## Exercise details
Return the listing below unchanged, but without pictures.

## Data
-.-.-

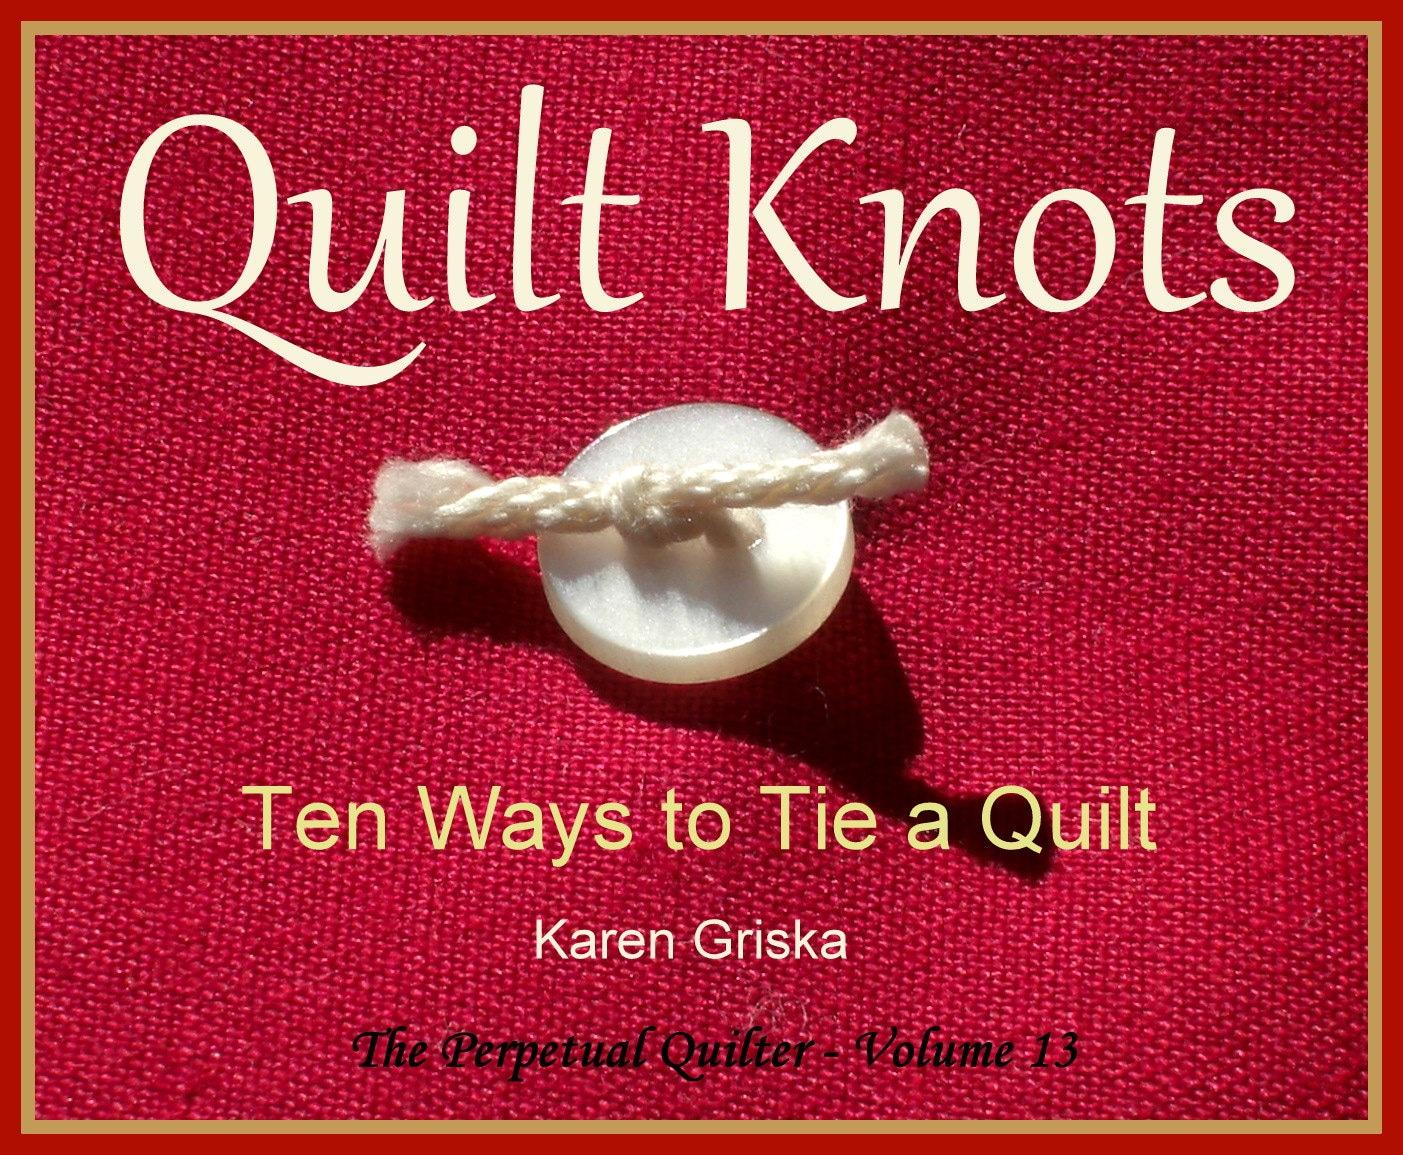 fancy tie knots instructions
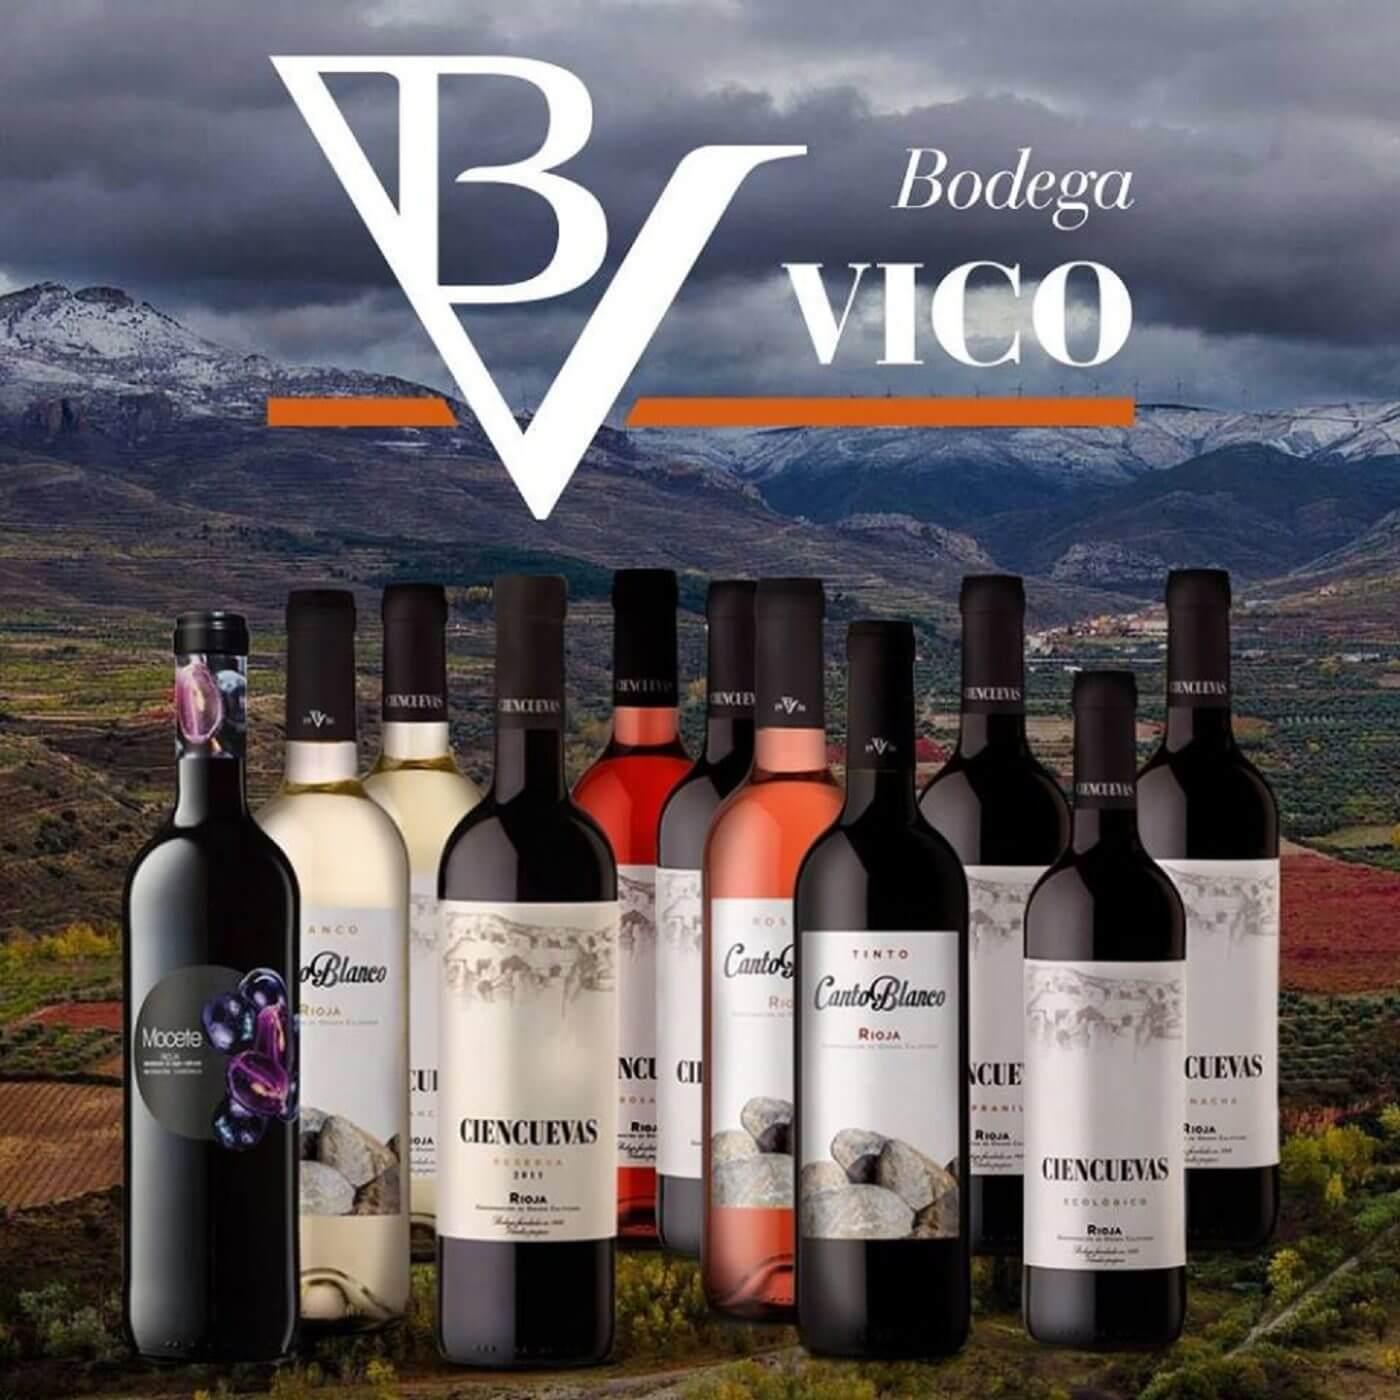 Los vinos de la bodega Nuestra Señora de Vico de Arnedo siguen sumando premios
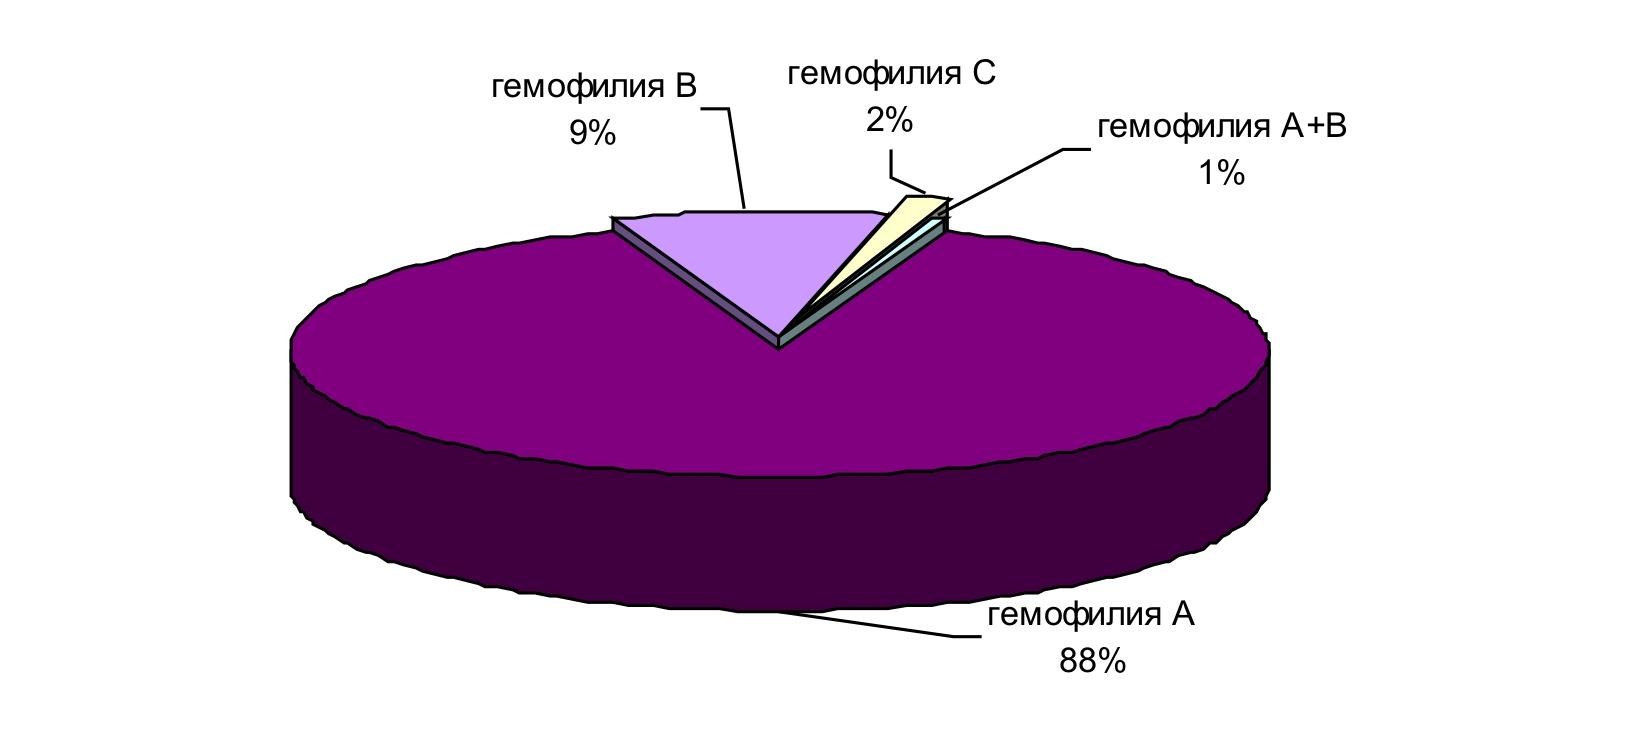 Гемофилия C фото

-.-.-

## Answer to this exercise
 fancy tie knots instructions
 Los vinos de la bodega Nuestra Señora de Vico de Arnedo siguen sumando premios
 Гемофилия C фото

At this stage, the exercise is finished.